ASSIGNMENT: Go to the line holding "A finished fleet" in the data below. Return it and each line after it through the last, exactly, and skip the pictures.

COLLECTED DATA:
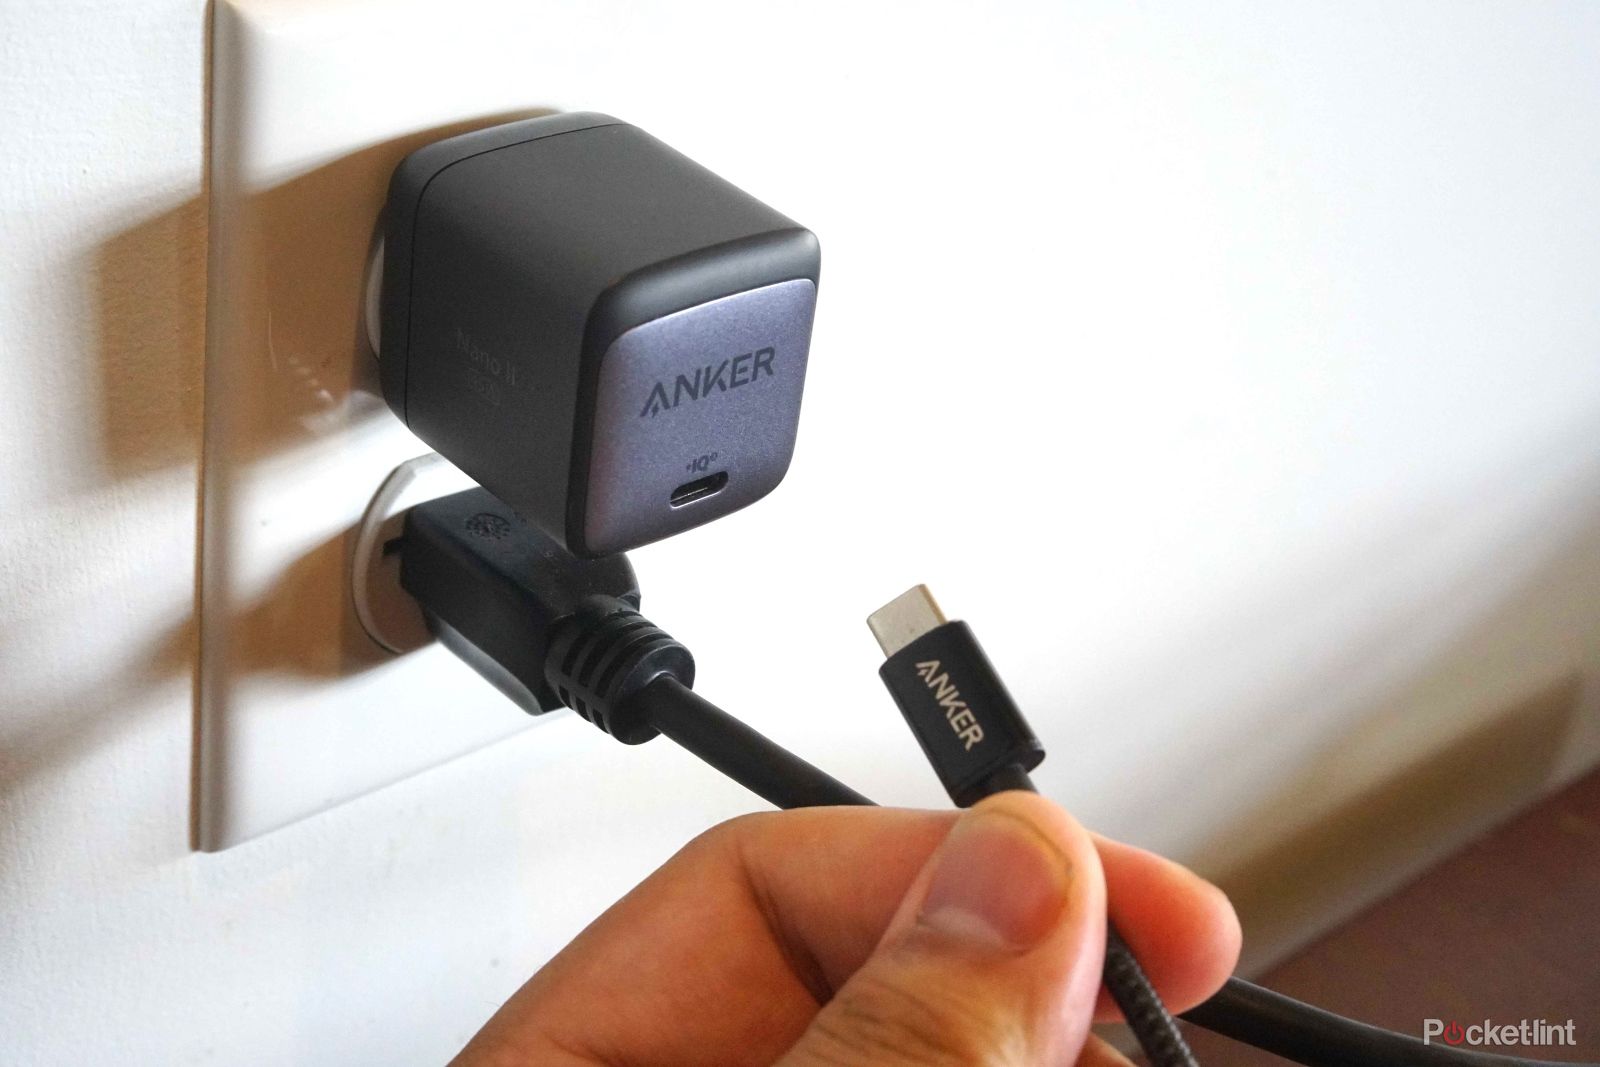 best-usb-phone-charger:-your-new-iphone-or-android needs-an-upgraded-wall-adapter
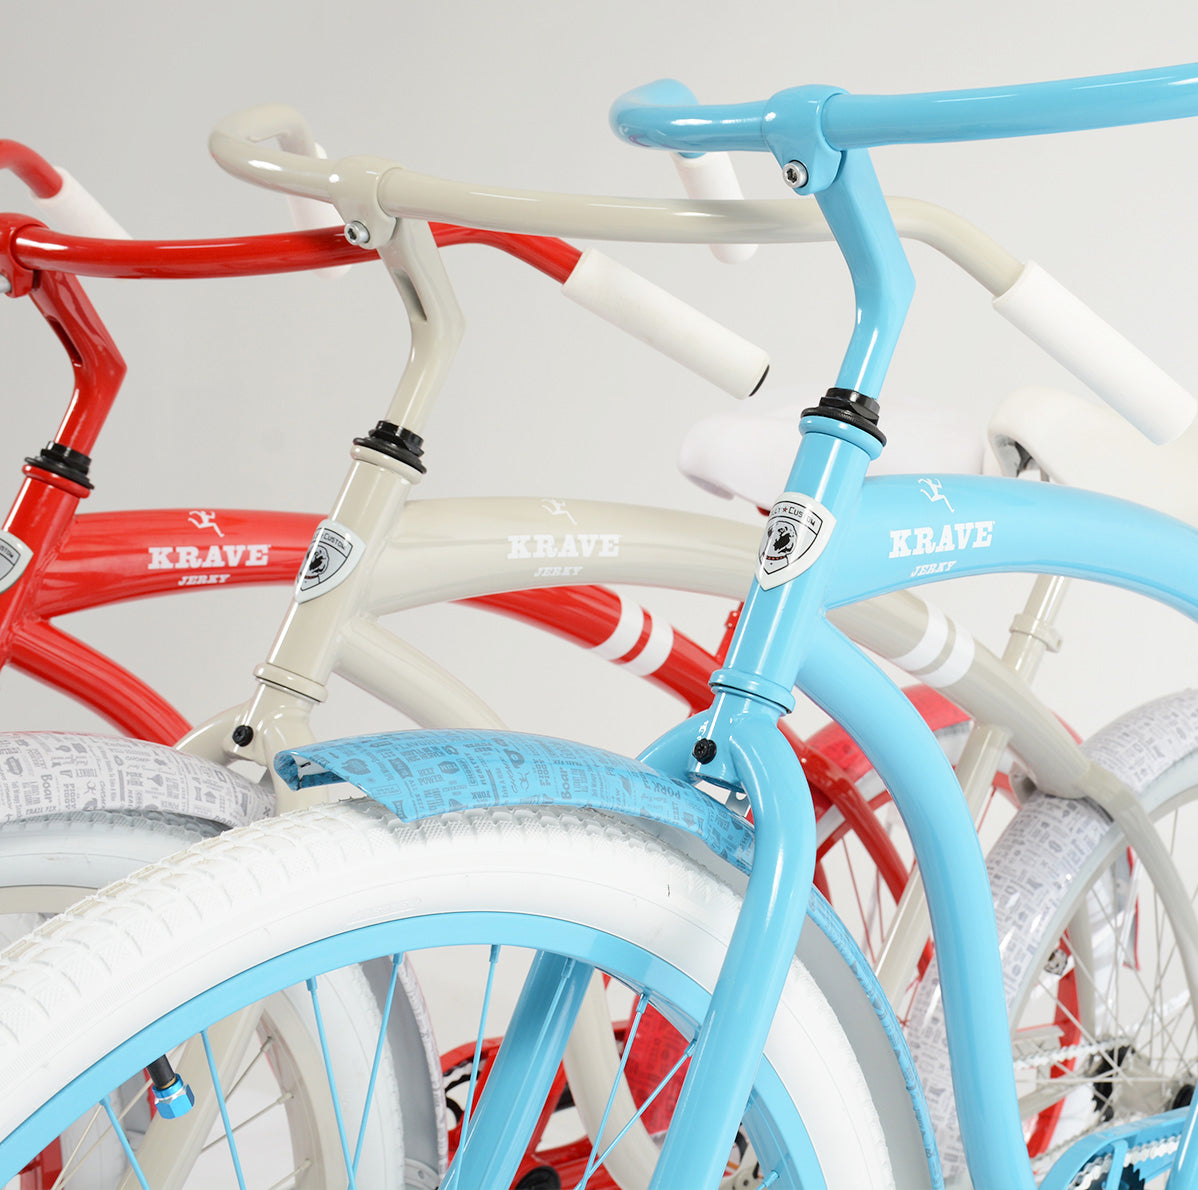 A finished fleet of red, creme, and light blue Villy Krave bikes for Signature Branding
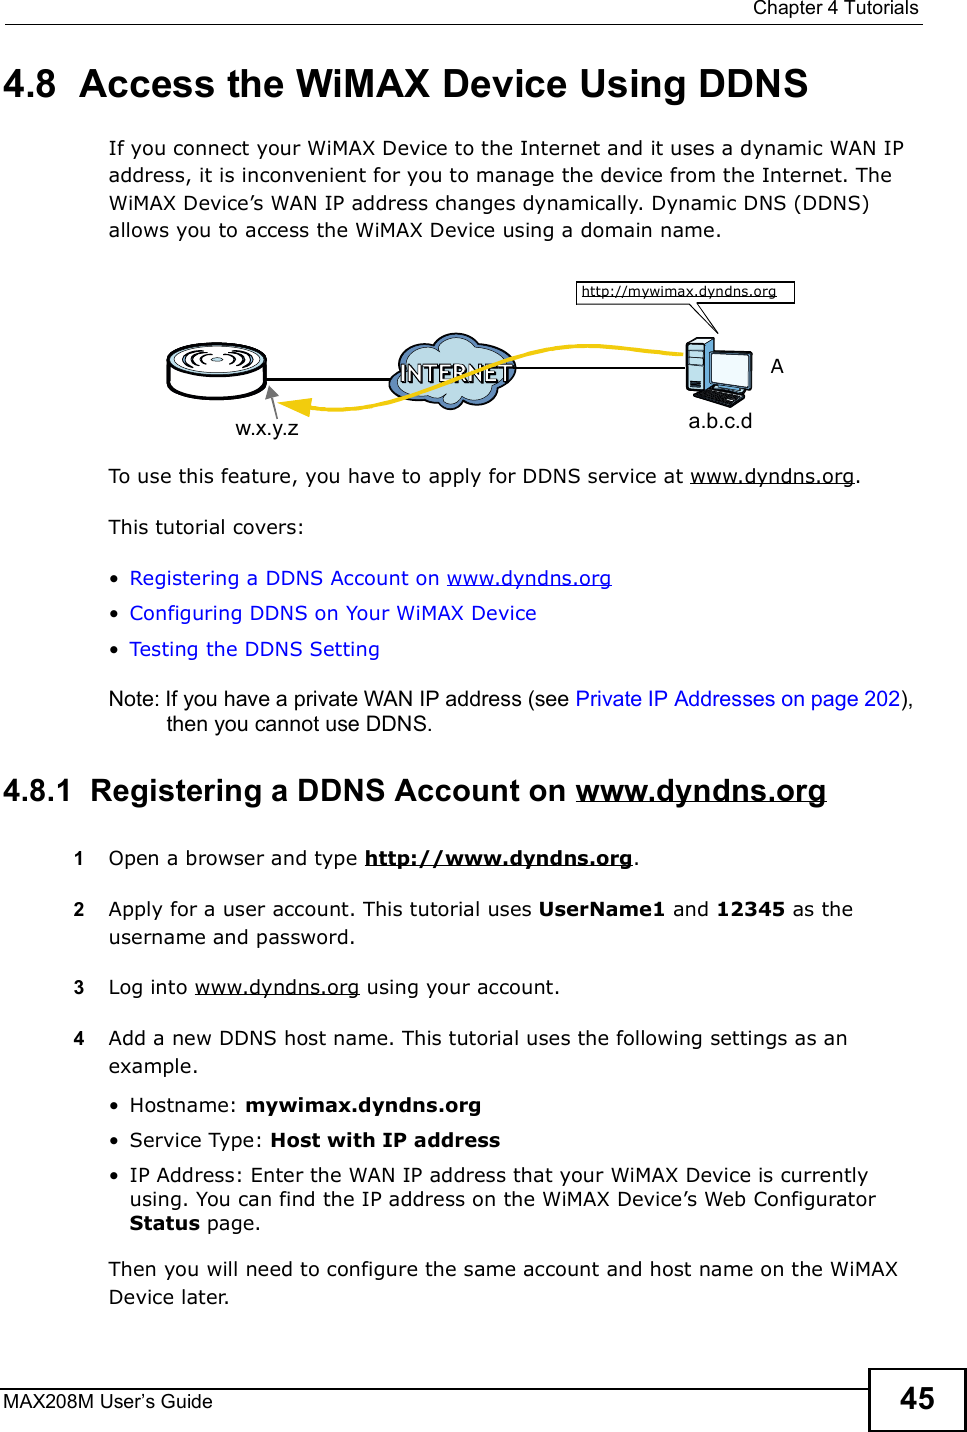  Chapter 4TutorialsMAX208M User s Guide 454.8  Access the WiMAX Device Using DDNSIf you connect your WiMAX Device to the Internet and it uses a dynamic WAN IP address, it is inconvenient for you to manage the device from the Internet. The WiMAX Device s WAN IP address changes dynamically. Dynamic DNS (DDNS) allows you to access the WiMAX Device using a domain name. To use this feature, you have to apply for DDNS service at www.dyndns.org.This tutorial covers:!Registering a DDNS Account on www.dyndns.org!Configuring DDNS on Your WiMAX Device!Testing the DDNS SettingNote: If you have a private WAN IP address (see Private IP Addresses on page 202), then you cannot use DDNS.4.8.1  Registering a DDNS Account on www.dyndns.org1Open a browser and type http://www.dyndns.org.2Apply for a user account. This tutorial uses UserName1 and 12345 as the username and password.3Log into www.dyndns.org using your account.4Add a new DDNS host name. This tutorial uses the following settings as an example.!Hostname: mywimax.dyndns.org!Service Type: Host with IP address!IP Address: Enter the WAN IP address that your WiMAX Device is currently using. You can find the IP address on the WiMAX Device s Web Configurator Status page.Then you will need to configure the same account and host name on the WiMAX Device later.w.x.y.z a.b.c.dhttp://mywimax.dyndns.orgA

ANSWER BOX:
 A finished fleet of red, creme, and light blue Villy Krave bikes for Signature Branding
  Chapter 4TutorialsMAX208M User s Guide 454.8  Access the WiMAX Device Using DDNSIf you connect your WiMAX Device to the Internet and it uses a dynamic WAN IP address, it is inconvenient for you to manage the device from the Internet. The WiMAX Device s WAN IP address changes dynamically. Dynamic DNS (DDNS) allows you to access the WiMAX Device using a domain name. To use this feature, you have to apply for DDNS service at www.dyndns.org.This tutorial covers:!Registering a DDNS Account on www.dyndns.org!Configuring DDNS on Your WiMAX Device!Testing the DDNS SettingNote: If you have a private WAN IP address (see Private IP Addresses on page 202), then you cannot use DDNS.4.8.1  Registering a DDNS Account on www.dyndns.org1Open a browser and type http://www.dyndns.org.2Apply for a user account. This tutorial uses UserName1 and 12345 as the username and password.3Log into www.dyndns.org using your account.4Add a new DDNS host name. This tutorial uses the following settings as an example.!Hostname: mywimax.dyndns.org!Service Type: Host with IP address!IP Address: Enter the WAN IP address that your WiMAX Device is currently using. You can find the IP address on the WiMAX Device s Web Configurator Status page.Then you will need to configure the same account and host name on the WiMAX Device later.w.x.y.z a.b.c.dhttp://mywimax.dyndns.orgA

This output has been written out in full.